Column 1 indicates the name of the geological group. Those marked with an asterisk are no longer formally recognised but are included as they occur widely in literature.

Column 2 indicates during which geological period the rocks of each group were deposited. Note that where more than one period is indicated deposition stretched across the period boundary in at least a part of the group's geographical extent but not necessarily across the whole of its extent.

Column 3 permits sorting by period in chronological order ie Quaternary Period is 01; Neogene,03; Palaeogene,05; Cretaceous,07; Jurassic,09 Triassic,11; Permian,13; Carboniferous,15; Devonian,17; Silurian,19; Ordovician,21; Cambrian,23; Ediacaran,25; Cryogenian,27; Tonian,29; Stenian, 31; and Ectasian, 33 - the last five being some of the periods into which the Proterozoic Eon is divided.

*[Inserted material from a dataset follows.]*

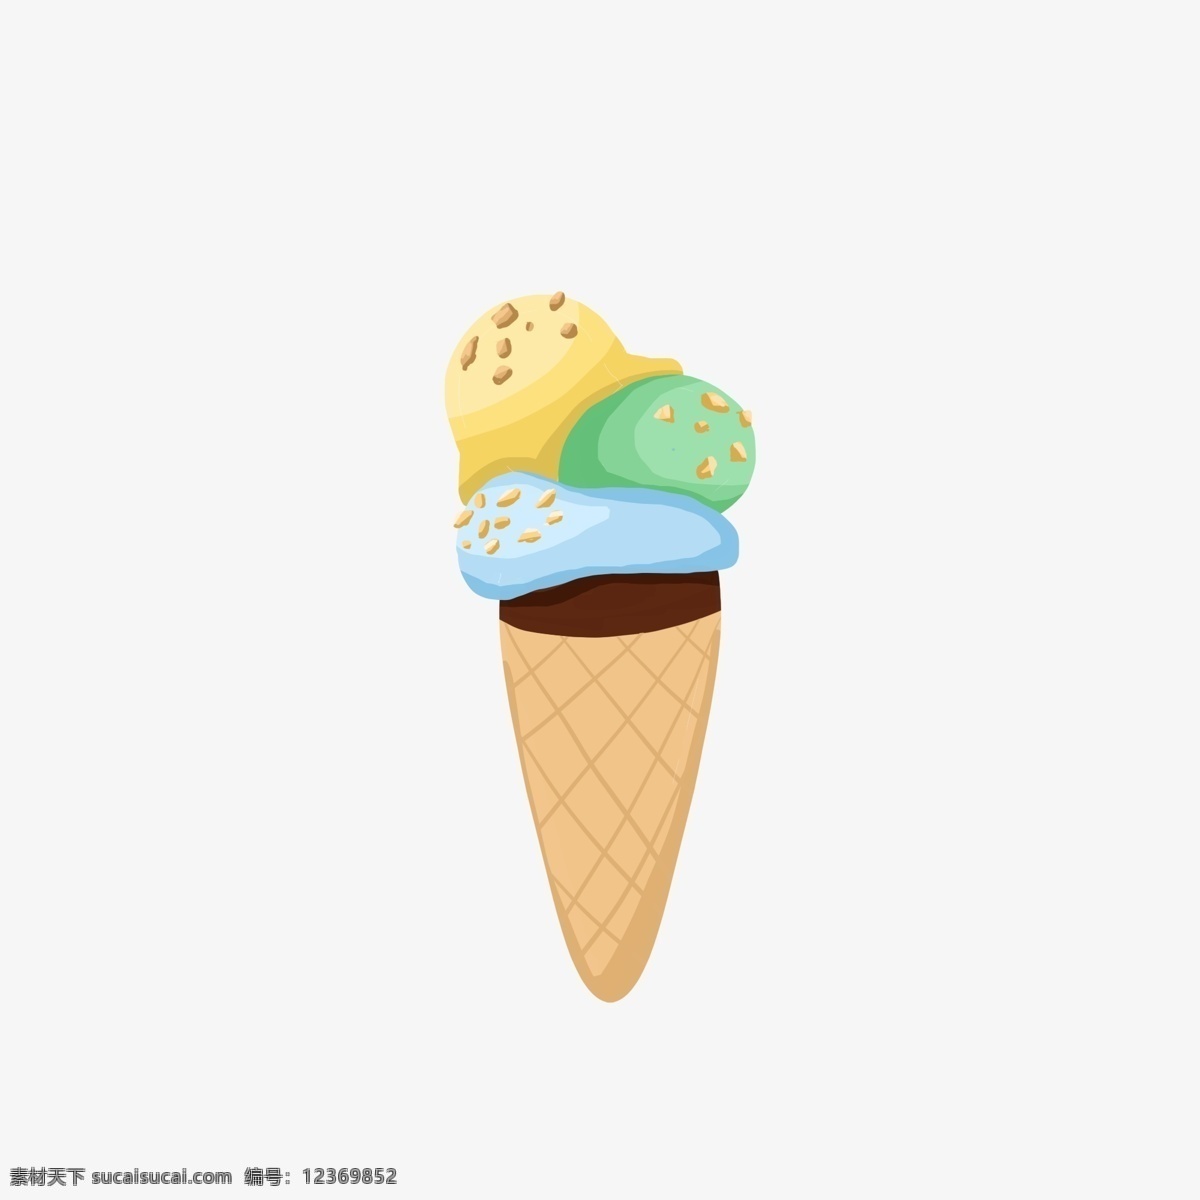 简约 手绘 冰 激 淋 雪糕 免 抠 元素 冷饮 冰激淋 海报 插画 黄色 蓝色 绿色 脆皮 巧克力色 美食 食物

Column 4 indicates in which of the three nations of Great Britain, the group is known to occur, followed by which of the surrounding sea areas (if any), including specifically: Atlantic Ocean, Celtic Sea, English Channel, Irish Sea, North Sea. (At present, for the purposes of this table 'Celtic Sea' also includes the Bristol Channel whilst 'Atlantic Ocean' includes all sea areas off the west coast of Scotland.) Note that the Isle of Man is not a part of Great Britain but is included here for convenience.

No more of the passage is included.